A ruling by the Mississippi State Tax Commission to increase the property tax catfish farmers pay on their pond acreage has been put on hold, at least for this year. That's good news for the more than 300 catfish producers in the state who were notified by their county tax assessors in April and May of an impending increase in their property tax bills.

The letters to catfish producers asked them to furnish local tax assessor offices with the number of acres they own that are currently being used for catfish production. The letters also informed catfish farmers that their ad valorem tax bills would be rising significantly due to the state's decision to change how fish ponds are assessed.

The proposed state ruling would have added $1,000 per acre to the appraised value of all land in fish ponds.
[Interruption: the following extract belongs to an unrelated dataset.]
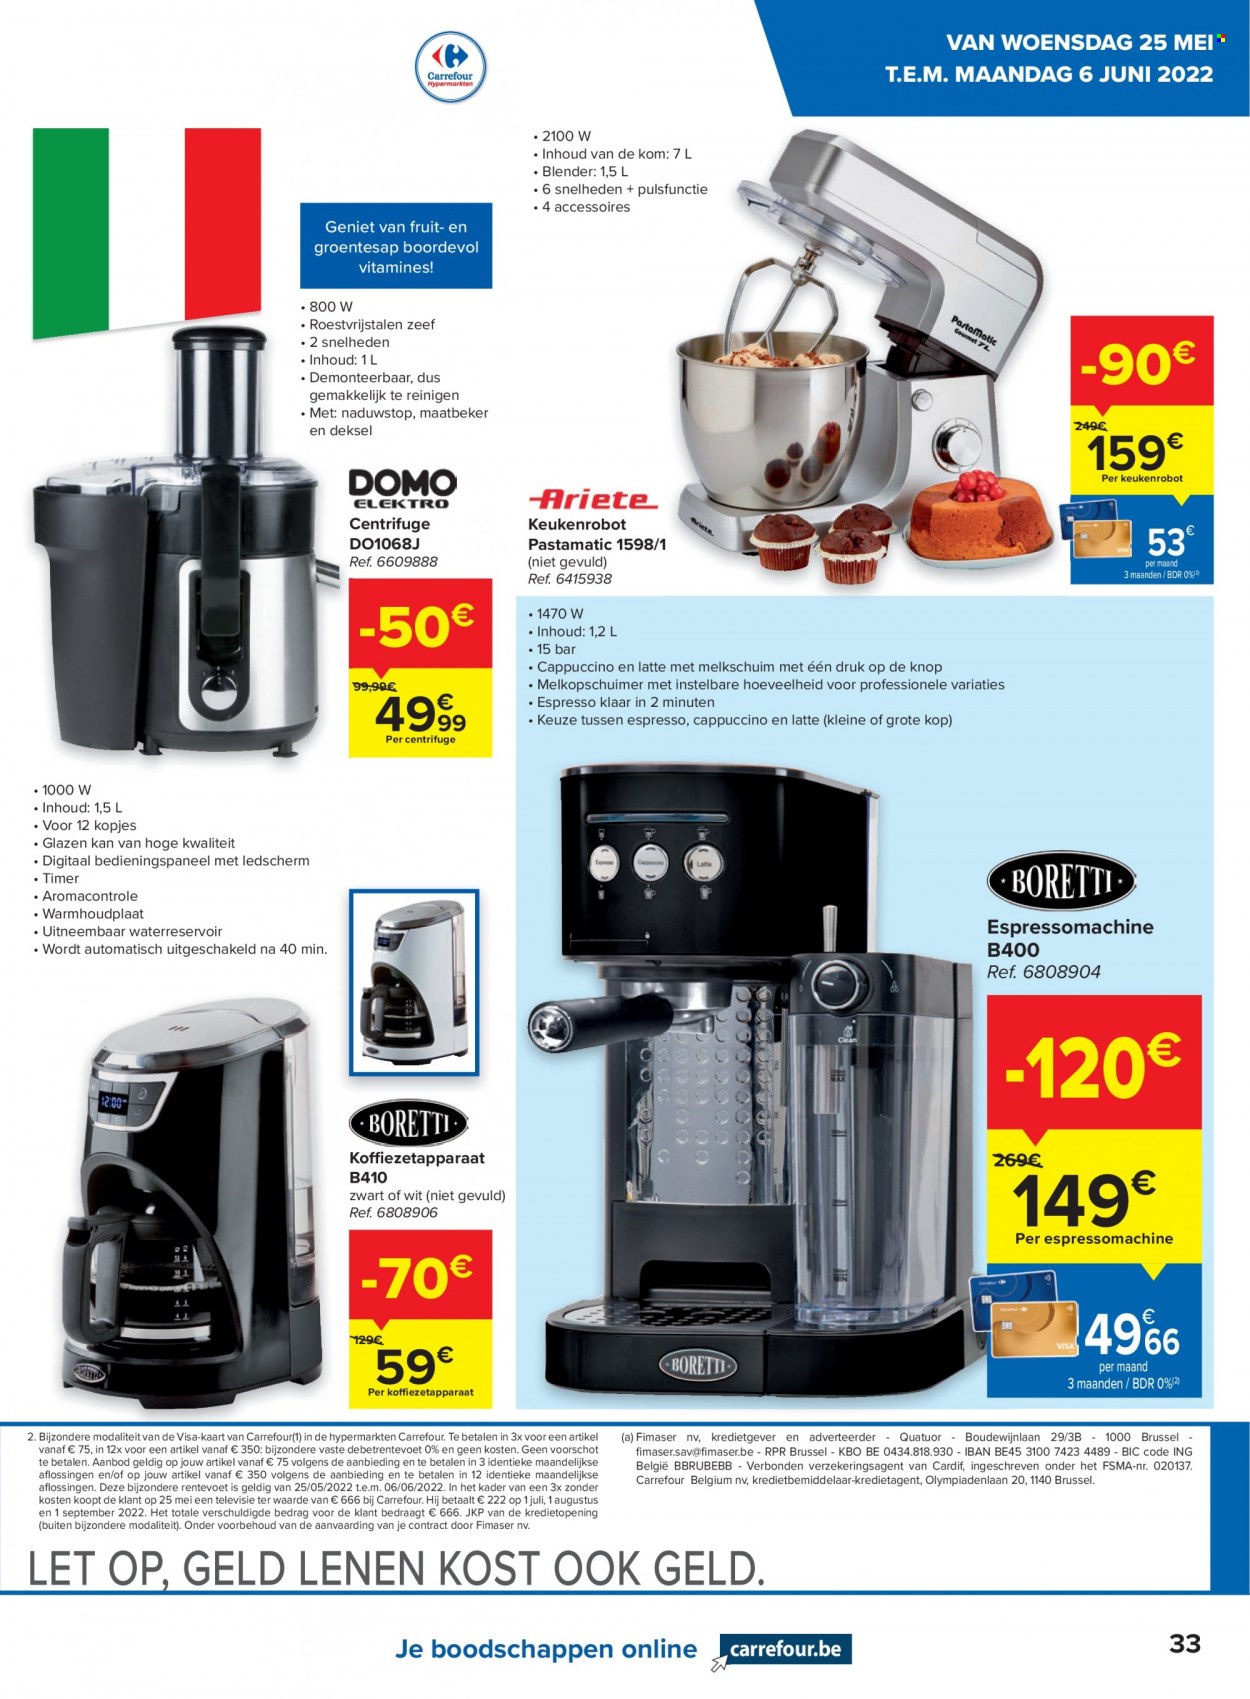 Catalogue Carrefour hypermarkt - 24.5.2022 - 30.5.2022. Page 33.

Translated into dollars paid, the increase would have tripled, and in some cases increased by ten-fold, catfish producers' tax bills, according to Ben Pentecost, president of the Catfish Farmers of Mississippi.
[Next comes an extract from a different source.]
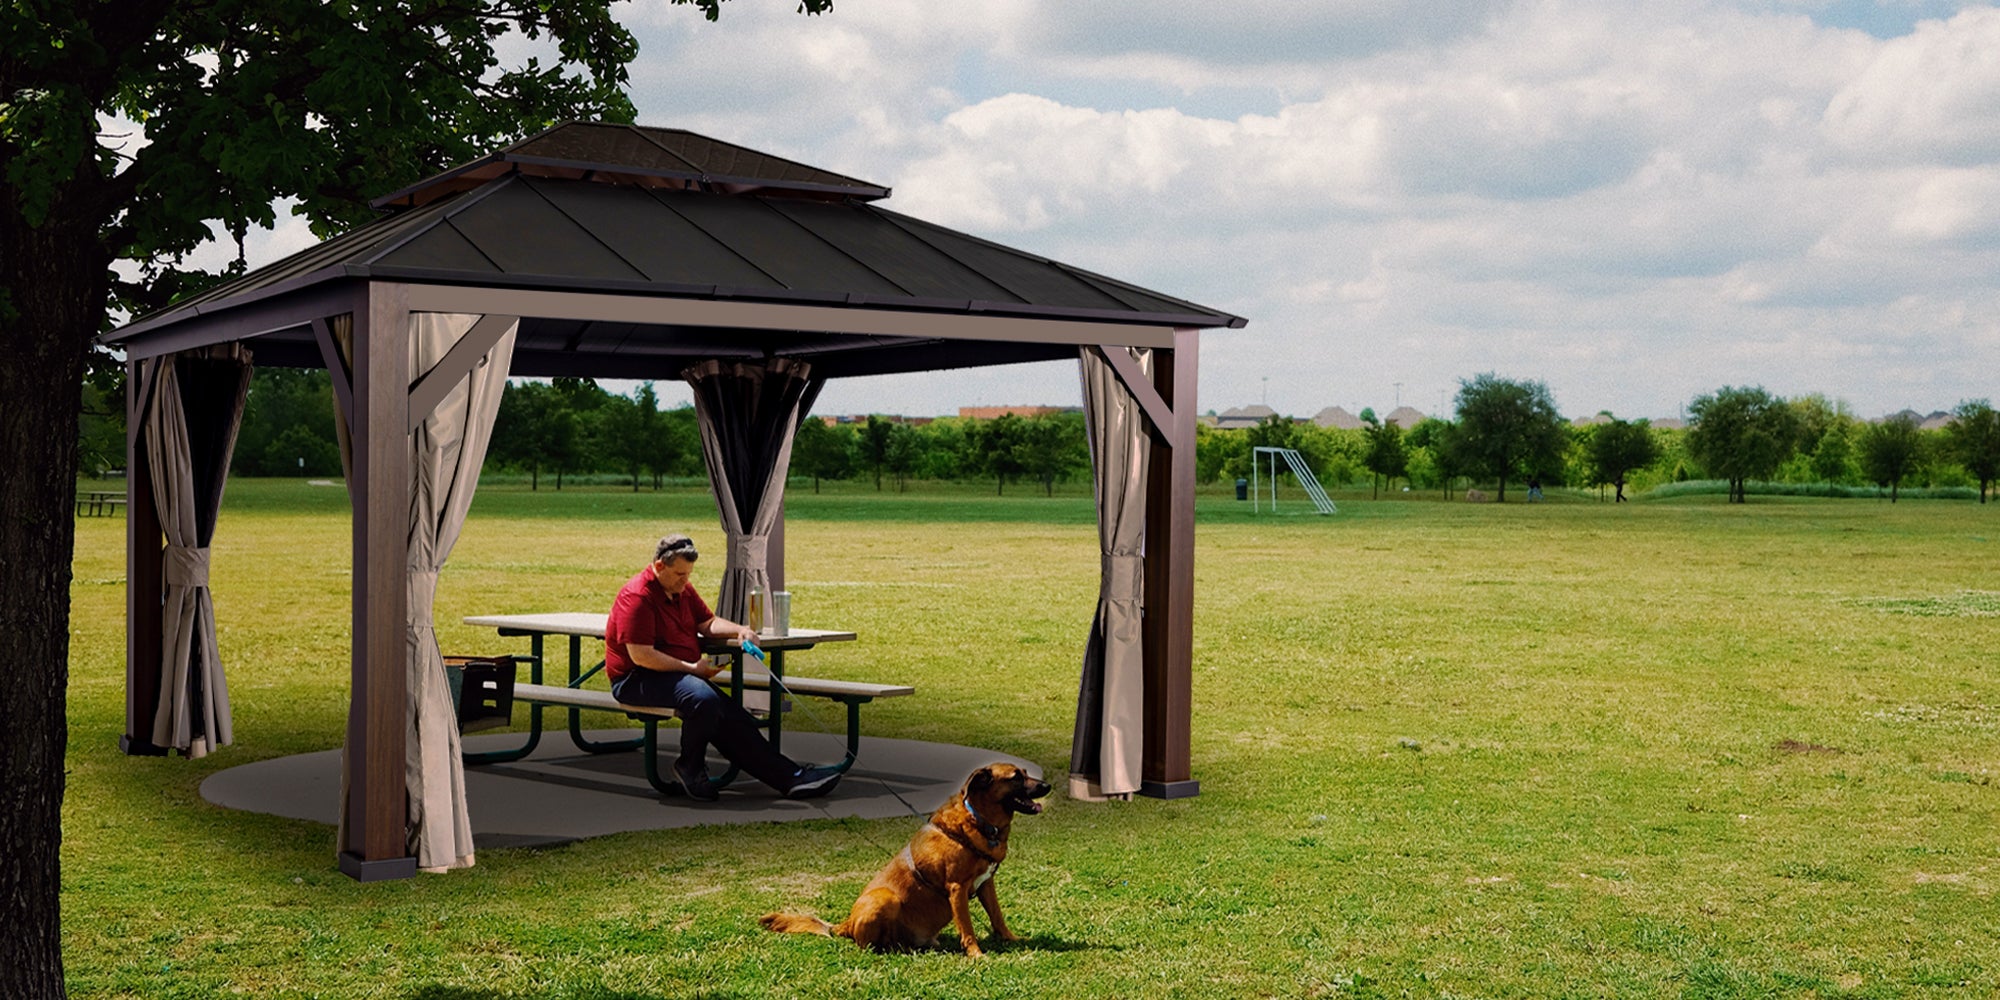 What Can You Use a Gazebo For?

Pentecost, who farms approximately 825 acres of catfish with his brother in and around Doddsville, Miss., says fish ponds are normally built on clay soils, which are considered class three or four land for tax purposes. That puts the tax value of agricultural class three land averaging around $400 per acre in the north Delta, $444 per acre in the south Delta, and $125 per acre in east Mississippi, he says.
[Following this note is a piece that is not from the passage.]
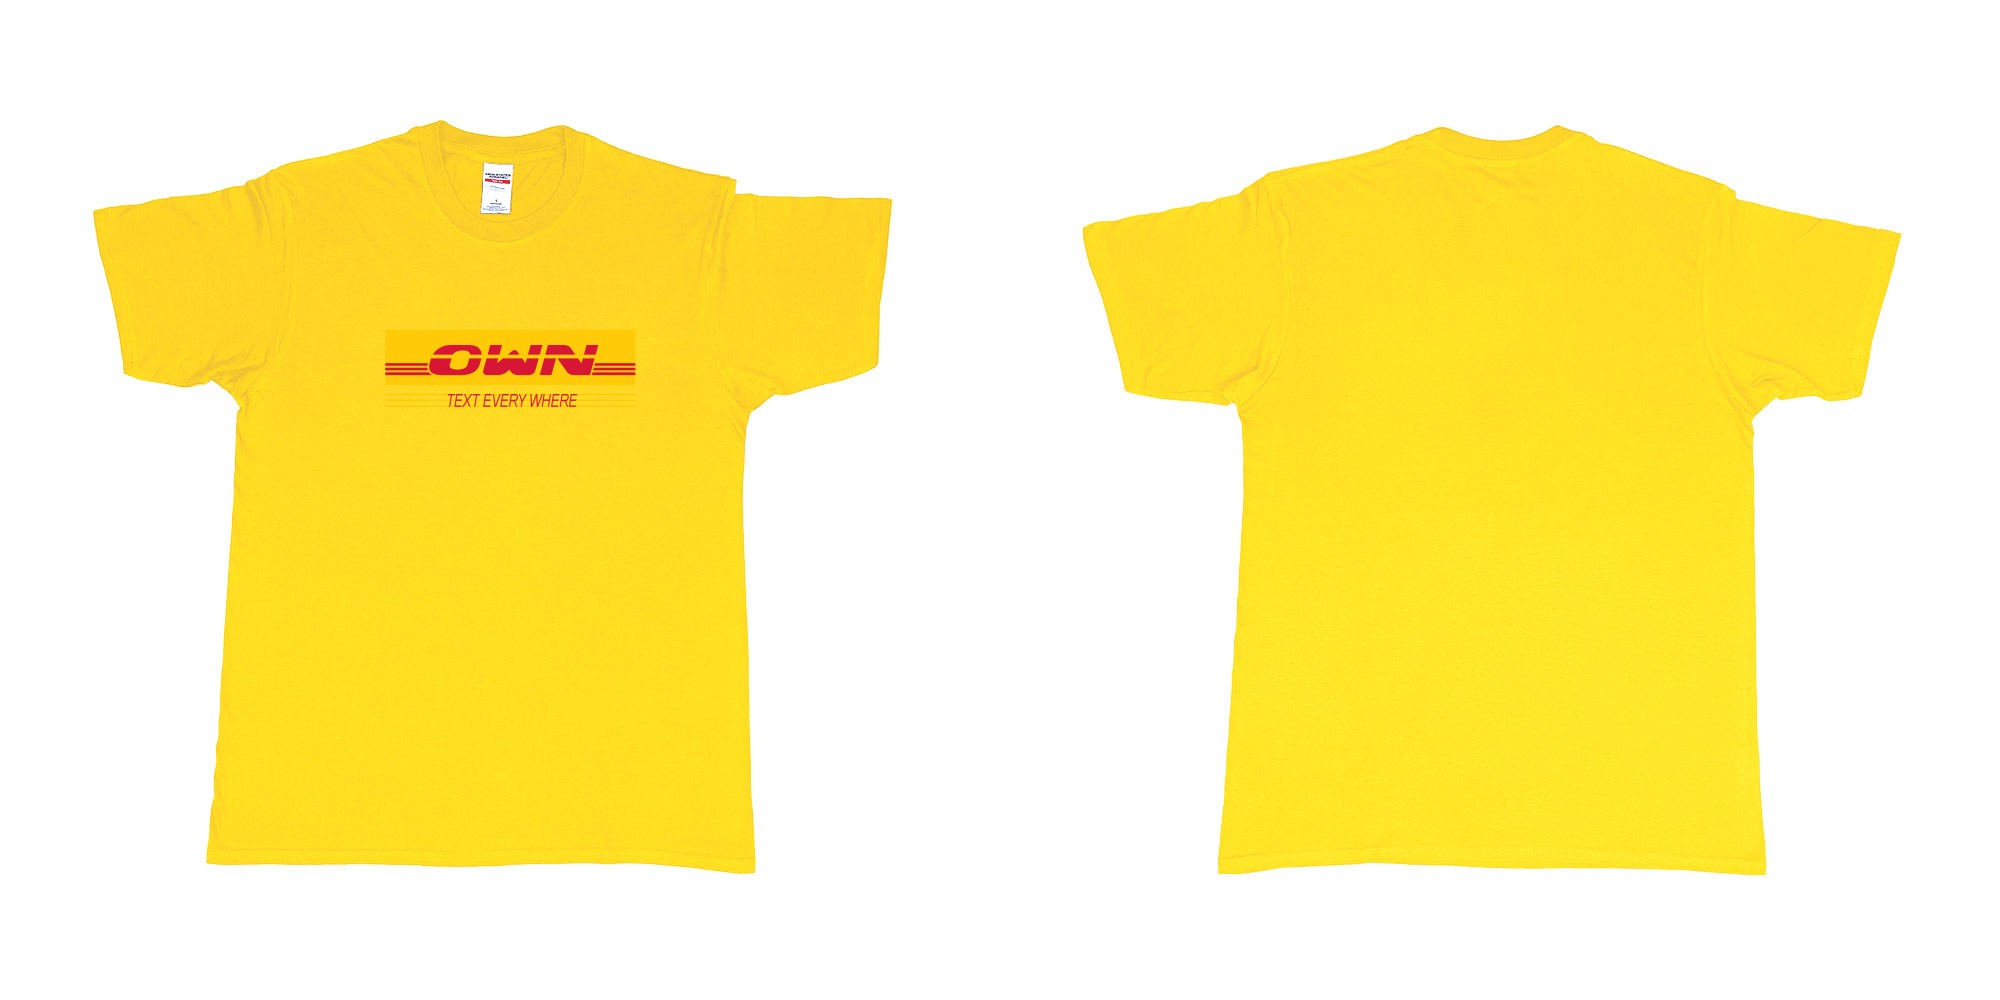 Custom tshirt design DHL in fabric color daisy choice your own text made in Bali by The Pirate Way

The recent proposed ruling stems from a decade-old tax commission ruling designed to make land-use taxes “uniform and equitable.” To do that, the state agency previously added a clause to the tax cost saying that catfish ponds would be valued at cost.

However, because the commission didn't provide any specific figure in their previous ruling, most county tax assessors left it alone. There were three counties — Humphreys, Sharkey and Issaquena — that came up with their own valuations for catfish ponds. None, Pentecost says, come close to the $1,000 increase, though.

Paul Smith, who operates Trans Fisheries, Inc., in Moorhead, Miss., and farms about 2,500 acres of catfish, says the additional $1,000 on top of the current appraised value of fish pond acreage, as proposed by the state tax commission, would increase his tax expenses by more than $30,000 per year.

“It would have roughly tripled the taxes on my ponds, raising my tax bill by about $13.50 per acre,” Smith says. “We don't have that kind of extra money. Catfish farmers are not doing well right now and catfish prices are down.

“Catfish farming is not the cure-all for money that many people think it is. With good management, you can still make a living at raising catfish, but it's high risk and there are a lot of hidden costs in catfish production. For example, pond maintenance is about two and one-half times what we initially thought it would be.”

Smith adds, “The catfish industry in Mississippi probably produces as many jobs as Nissan is supposed to be producing for the state, and now the state wants to tax us additionally for that. The whole thing is just wrong. We're getting hit from all sides. We're already paying more for power and now they want to raise our taxes. If they keep on the way they are going, the state is going to kill this whole industry in Mississippi, and it will end up moving to Arkansas and Alabama.”

Pentecost says the Mississippi's State Tax Commission's decision to at least temporarily rescind its plan to increase the appraised value of catfish ponds was likely made because they knew they had come up with a land use value they couldn't necessarily defend.

“A lot of questions were asked and they were beginning to feel a little pressure to come up with a better method to determine the fair value of land in catfish production.”

The plan now, Pentecost says, is for the experts at Mississippi State University to develop a more well-thought-out number. It's customary, he says, for the state tax commission to hire Mississippi State University when there is a need to determine a land-use value for crop and timber land.